→ WORK REQUEST
Copy each line of the listing below exactly and drop the images.

→ DATASET SECTION
-.-.-
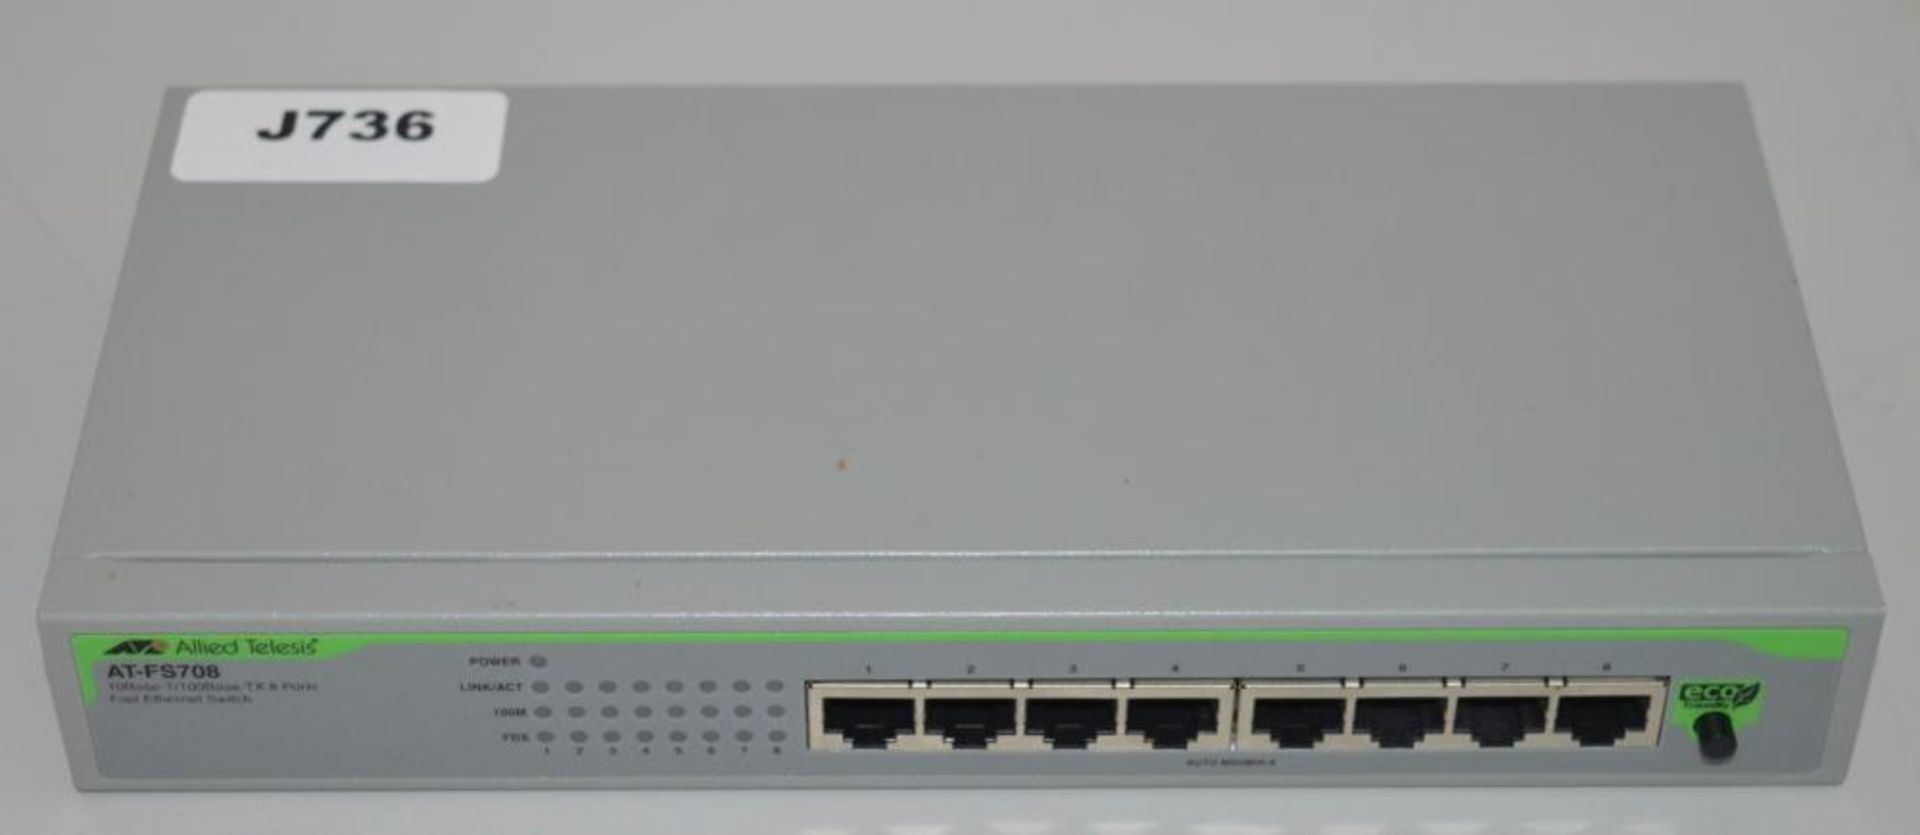 1 x Allied Telesis AT-FS708 Unmanaged Ethernet Switch - CL285 - Ref J736 - Location: Altrincham WA14
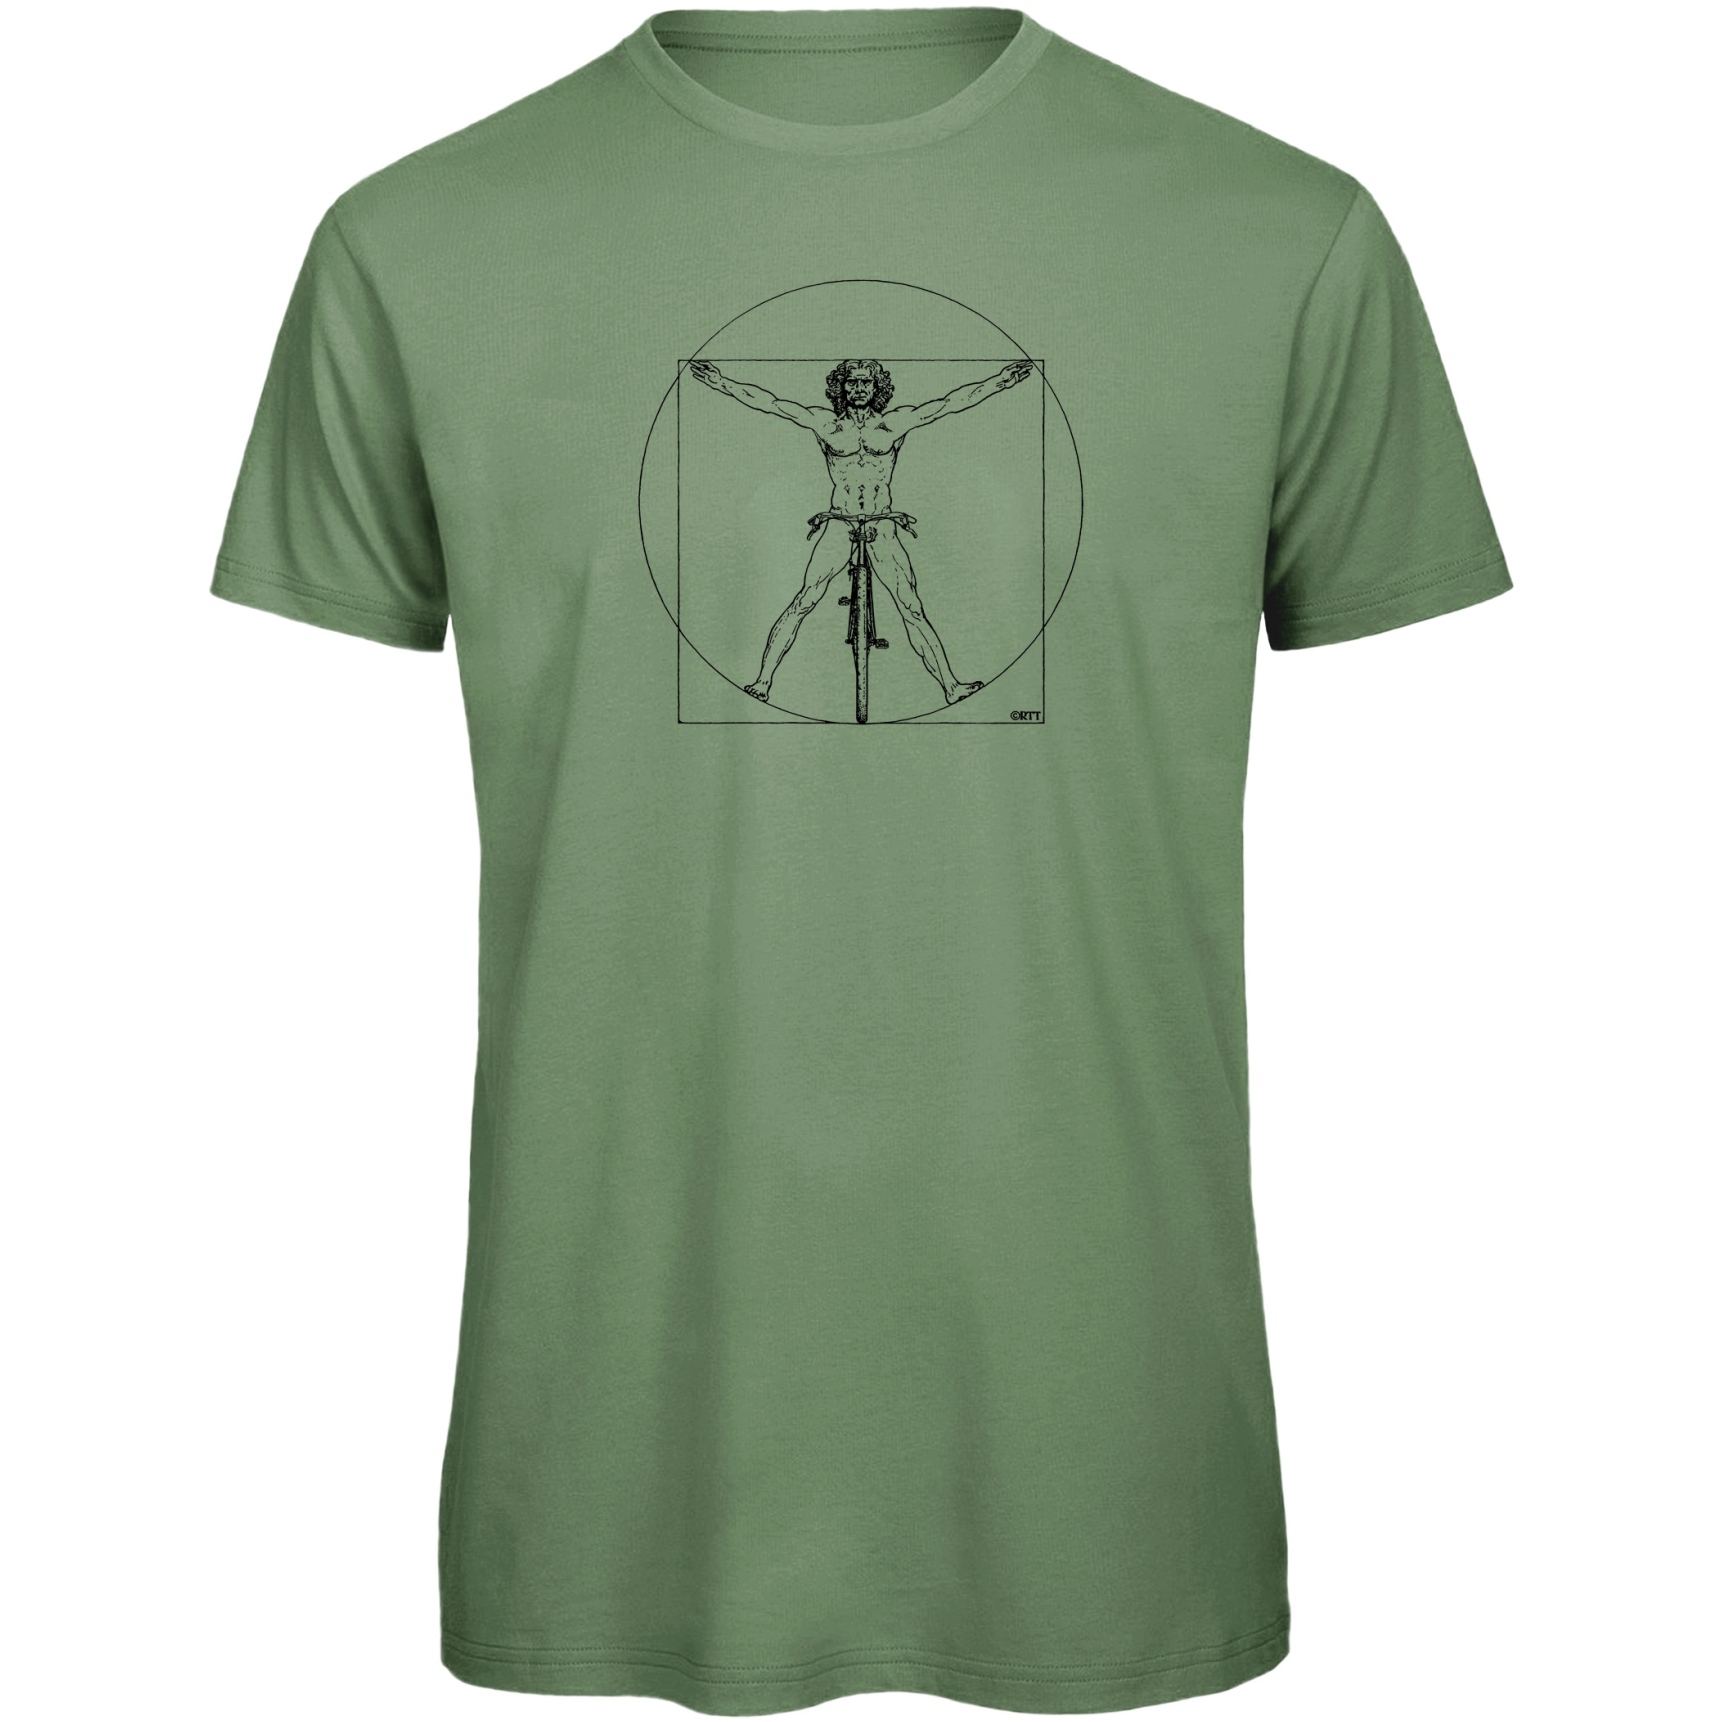 Imagen de RTTshirts Camiseta Bicicleta - DaVinci - verde claro
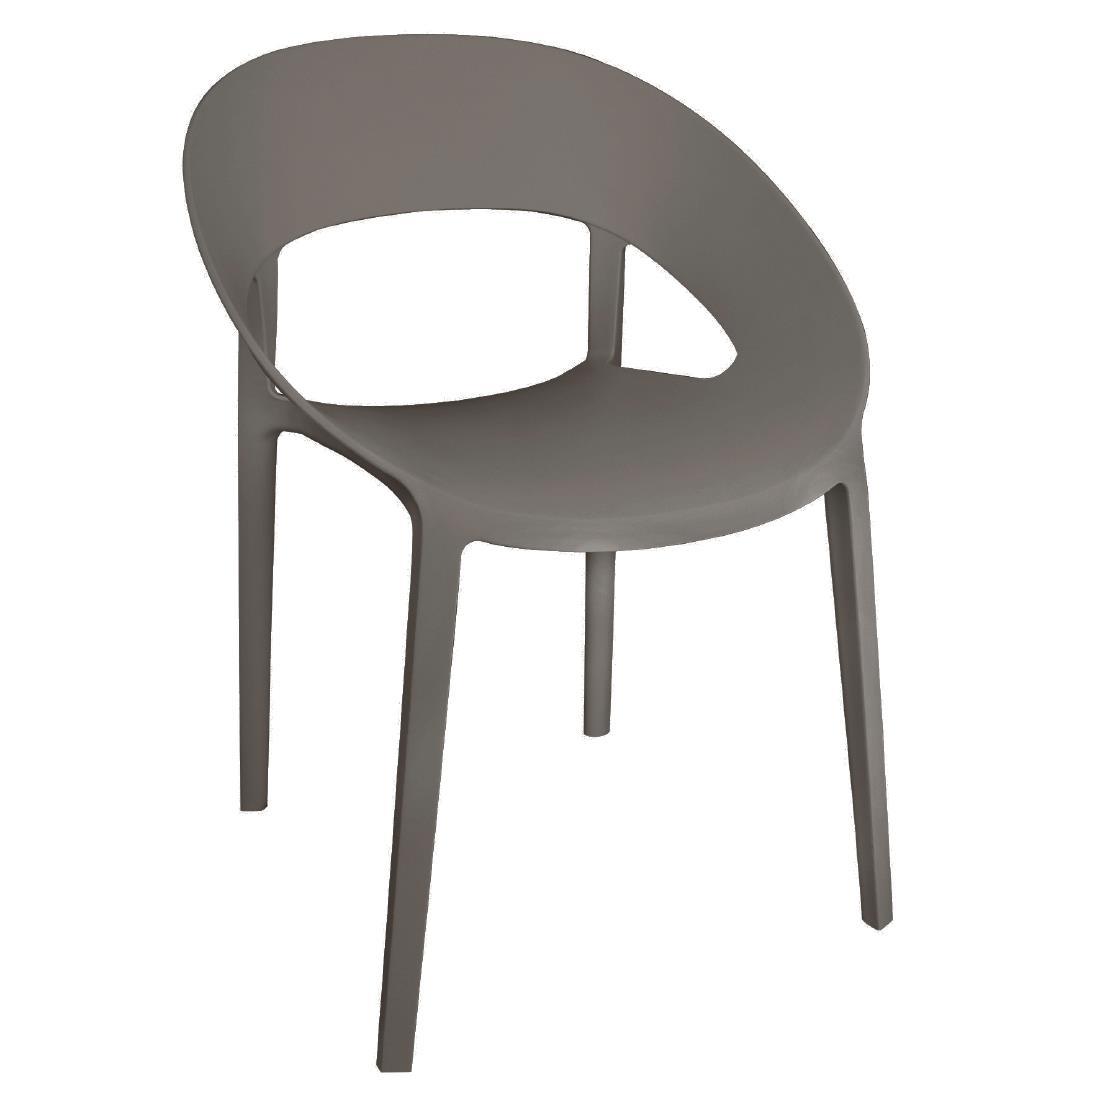 GR339 - Bolero PP Wraparound Chair Coffee (Pack 4) - GR339  - 1
-.-.-
→ OUTPUT BELOW
 1 x Allied Telesis AT-FS708 Unmanaged Ethernet Switch - CL285 - Ref J736 - Location: Altrincham WA14
 Imagen de RTTshirts Camiseta Bicicleta - DaVinci - verde claro
 GR339 - Bolero PP Wraparound Chair Coffee (Pack 4) - GR339  - 1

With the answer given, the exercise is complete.